Thanks, we will check this out, since this might be a recent bug that slipped through the cracks. According to our dev, expected behaviour is that it’s marked completed after completed the quiz. Expected behaviour aside, is this how you’d like it to function or do you like them being 2 independent actions?
Thanks Peter. We definitely plan to add more Smart Review modes, including flipping the direction (to train comprehension instead of ability to produce, which may be less of a focus for some learners, depending on goals). Adding listening mode only would be easily part of this.
For adding Shorty phrases to Smart Review, would the ability to create your own custom phrases help? It would give you more flexibility, but for better or worse, you’d probably need to confirm EN translation yourself, (after it defaulting to a Deepl translation).
This, or over time as admins, we could work on curating key phrases (about 10 per Shorty)? The downside is there would end up being situations in which we wouldn’t select the same phrases that you might find useful.
@joelrendall I’m the guy who asked for the third option of “not quite complete”, or “complete but review later” or somesuch. At the moment I use the fact that I have to manually mark as complete separately from doing the quiz to approximate to this functionality.
Looking at the question more widely, I see the quiz as just one small part of the value to be got out of a shorty, so I wouldn’t want the software to push me towards thinking of the whole exercise as being complete when I’ve done the quiz.
(If it makes any difference for bug hunting, I’m using Safari on a Mac laptop - all up to date)
I agree completely. I’m still confirming the team what the intended behaviour is since it’s been a while since we implemented it, but I personally lean towards the marking as complete to be a more intentional decision independent from whether or not you did the quiz. The quiz completion used to be the only way an episode would be considered completed, and since some episodes (videos/Podcasts) don’t have quizzes, we added this separate button.

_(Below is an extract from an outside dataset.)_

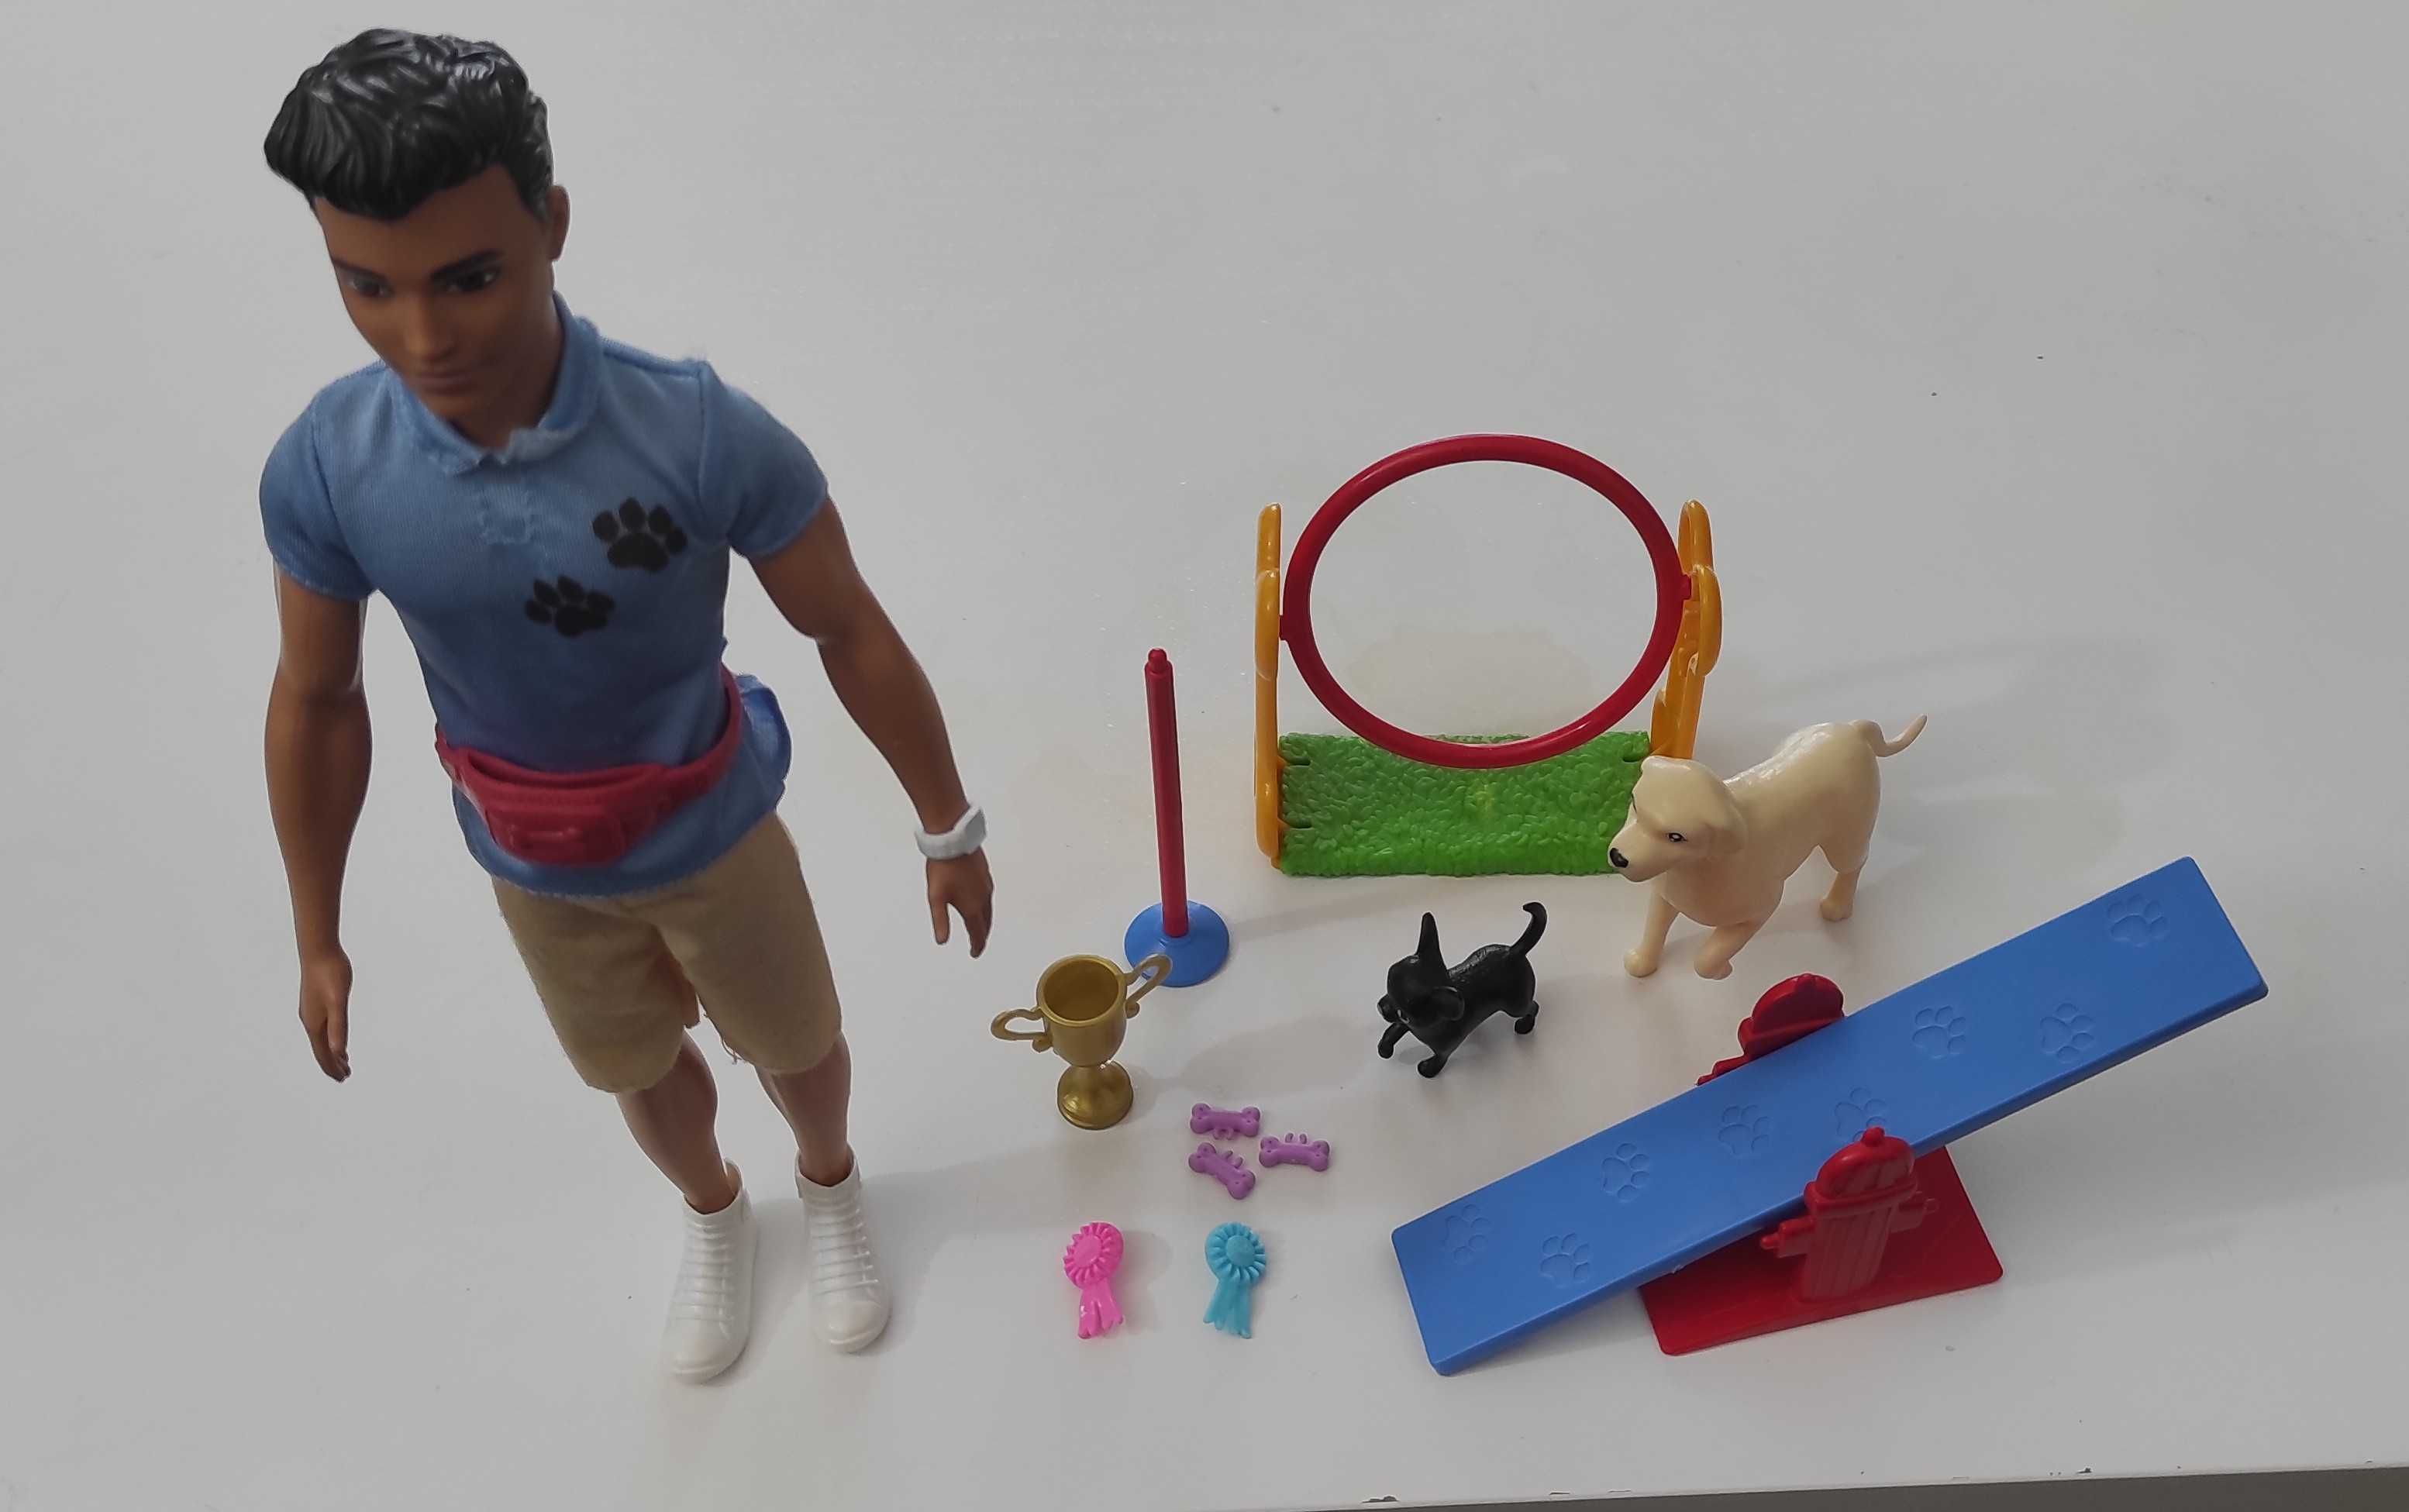 Barbie Ken: Set de joacă - Dresorul de câini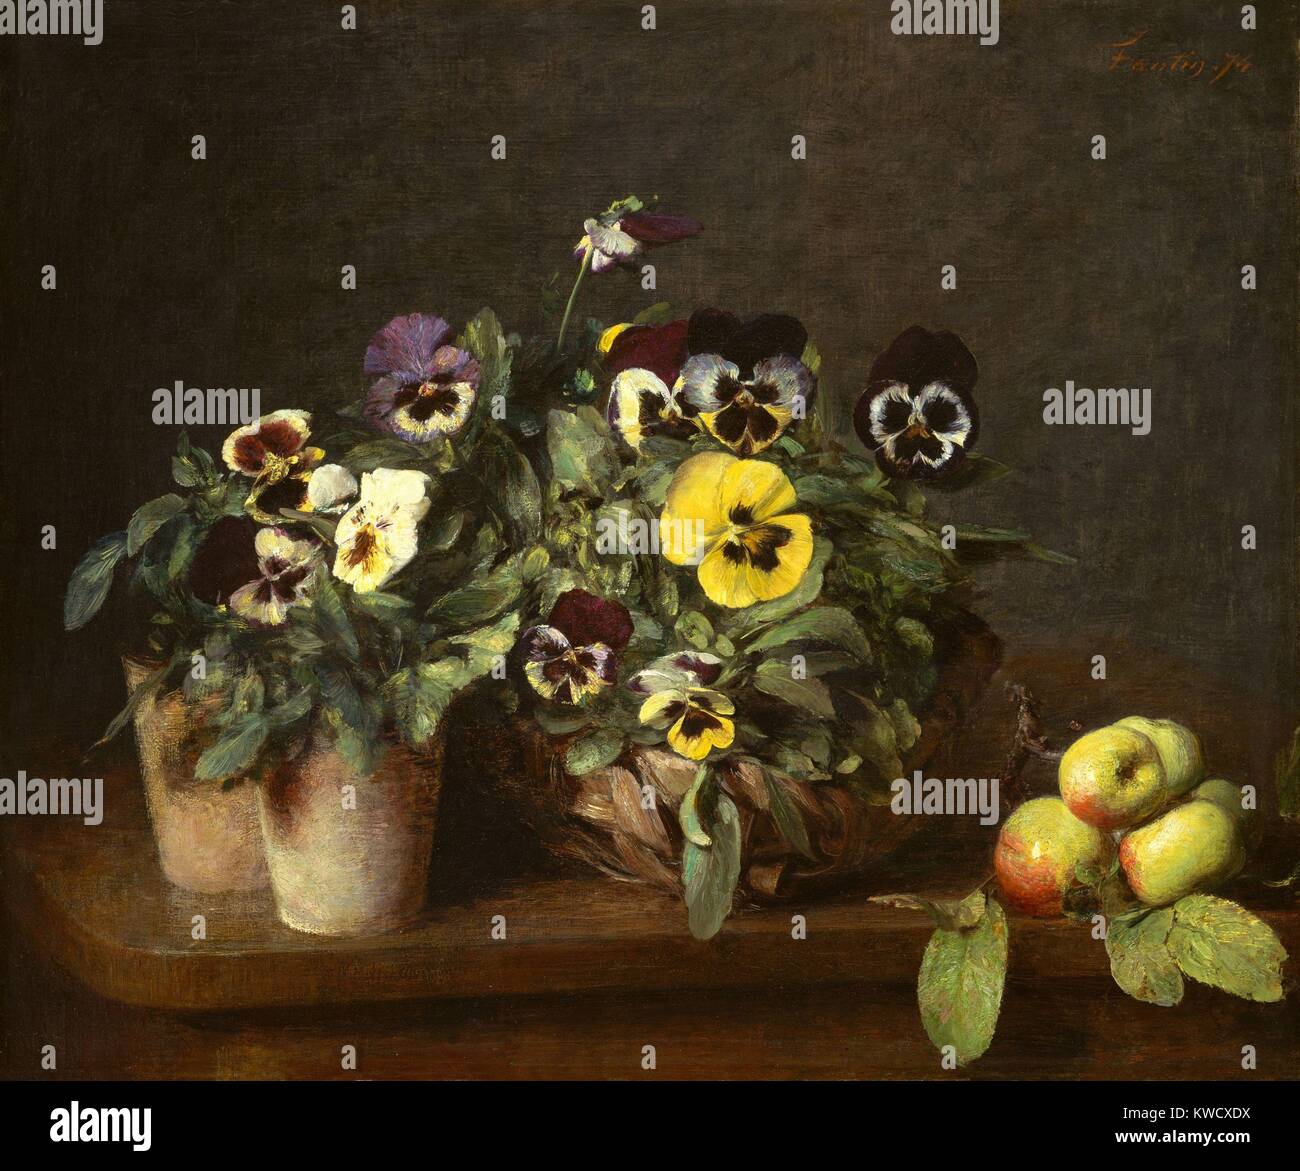 Stillleben mit Stiefmütterchen, von Henri Fantin-Latour, 1874, französischer impressionistischer Malerei, Öl auf Leinwand. Dies ist einer von 32 Gemälden, die Fantin-Latour, 1874 (BSLOC 2017 3 150) Stockfoto

The reason for bringing this up at all is because I know that “complete” means something different for everyone, especially with the flexibility of using these episodes in many different ways (comprehension, vocab building etc).
What if you were able to add a Shorty to an active playlist that you’d review (mostly by listening while on-the-go?) So instead of considering an episode as being Complete, it becomes part of your active episodes you’re currently reviewing? Then when you are really done with it (eg. heard it so many times that you understand most of it OR you’re so sick of it you never want to hear it again), you remove it from the Active playlist? (With this would be improvements to how you could easily and quickly access this playlist to listen to multiple episodes while on-the-go).
Being able to add my own phrases would be a useful feature, for sure. I use Smart Review every day to practice what’s been taught but being out and about here in Portugal I’ve had to learn additional common phrases that are not covered in the exercises. It would be nice to be able to add these to Smart Review. There are some phrases that fall into this category in the shorties but not that many since they do tend to stick to what has been covered in the lessons.
Ultimately when it comes to shorties what would be most useful is to provide an audio component to Smart Review. Aural comprehension is the biggest obstacle for me and I’d love to be able to “hear” the phrases being reviewed rather seeing them (in English or Portuguese). Since every single exercise has an audio clip tied to it (the spoken Portuguese), being able to review those clips would be incredibly useful. Adding additional selected clips from the shorties would also be great, especially since the shorties are spoken “natively” and are harder to understand than the perfectly enunciated exercises.